Other speakers at the opening event of the conference included Professor Tony Travers, who suggested that the London economy matters even more than before now but that – controversially – perhaps moves towards more cycling as a solution may not hold in the winter months or for longer commutes, where mass rapid bus transit may be one answer. The City’s Alastair Moss felt that people need to be allowed ‘to reimagine their journey in’, and Croydon’s Jo Negrini that now might be the time for outer London boroughs offering alternative office accommodation to travelling into the centre, the borough actively encouraging people onto bikes too. Certainly, she added, Covid offers the chance to ‘reframe’ conversations with residents about development.

Smart Cities: Engaging with citizens 

Wednesday brought another opportunity to look at how digital is affecting or can affect London, particularly as it relates to green initiatives.
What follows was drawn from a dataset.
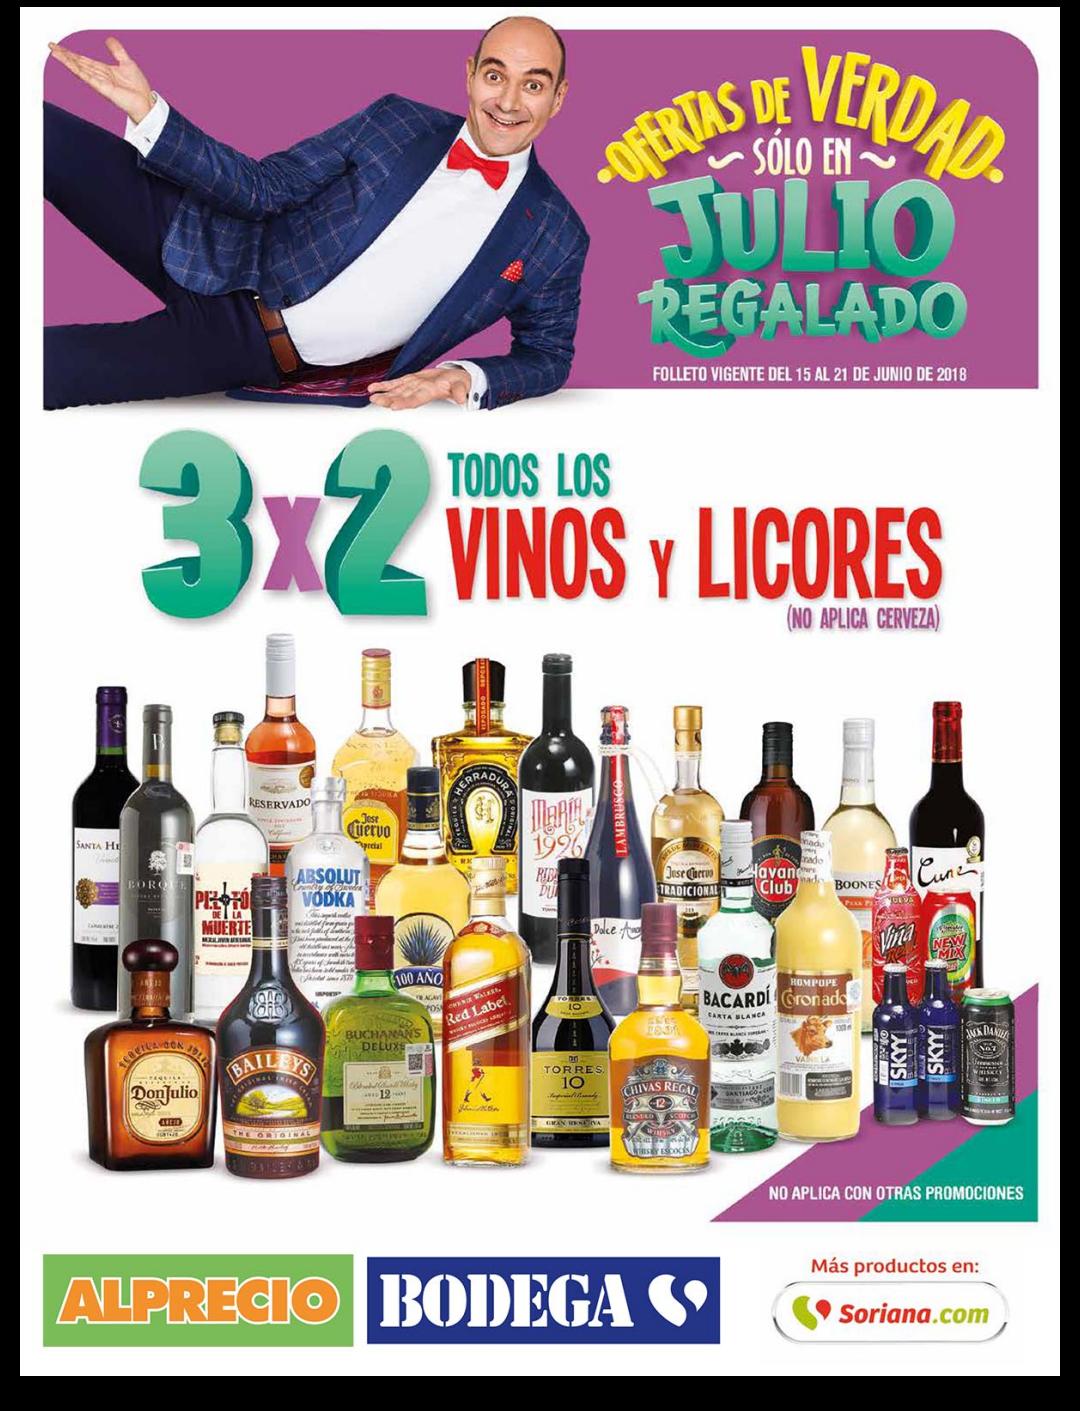 Julio Regalado 2018 en Soriana: Folleto Julio Regalado (15 - 21 de junio)

The webinar on Smart Cities: Engaging with citizens to accelerate green solutions’ was timed to coincide with Circular Economy week and is viewablehere. Chaired by Lucette Demets of London and Partners, it focused on the idea of incentivising people to make changes to their energy use or transport patterns for the good of the planet. Nathan Pierce sketched the background of trying to bring boroughs to do more in making London ‘the smartest city in the world’, looking at user-centred design to engage citizens and increasing their digital skills as well as provide smart streets that are as connected as possible. The Sharing Cities programme Pierce chairs links up Greenwich in London with Milan in Italy and Lisbon in Portugal, as well as others including Bordeaux and Warsaw, testing innovative technology on issues like retrofitting buildings and energy management. While Greenwich’s Sharing Cities Community Engagament Officer Jemma Hoare showed how its software was helping citizens to convert points it collected for using energy out of peak hours into shopping vouchers or charity donations, Milan’s Giuliana Gemini showed how a similar tool enabled citizens in a pilot district to share stories of their sustainable actions. But perhaps the strongest example came from Singapore, where authorities had offered incentives again to people who travelled outside of peak hours, resulting in a rise of 12% in doing so, said Arup’s senior planner Ritu Garg. There were some clear lessons for London to learn here, not least that often solutions can come from stakeholders out of the obvious few connected with transport planning and engineers. ‘We need to widen the door a bit’, said Garg.

Digital Communications

And finally yesterday (Thursday) Benjamin O’Connor of NLA and One City contributed to a lively discussion about digital communications, suggesting that if this period has taught us anything it has been that we can do more in terms of outputs, but also that the City of London must still attend to changing its perception from being just a ‘mecca’ for glass and concrete and much more than just a place for business. London more generally must do more to avoid resting on its laurels, said ING Media’s Leanne Tritton, especially given how second-tier cities have done better in their health responses. But one of the great things about the city was its ‘chaos’ and ‘craziness’, she said, which it must not lose and her advice to businesses is to relax and loosen up, using Twitter, LinkedIn, even Tik Tok to get their messages across, boosted by proper marketing budgets. ‘Let’s get everybody on this call about how we get people back into cities’. One way is forthcoming. Rose Wangen-Jones, Managing Director, Marketing, at London & Partners said it is set to launch an Alliance for London consumer recovery campaign - a collective response from businesses, organisations and authorities. ‘Getting the message right has always been important’, she said, ‘but I think it’s more important than ever now’.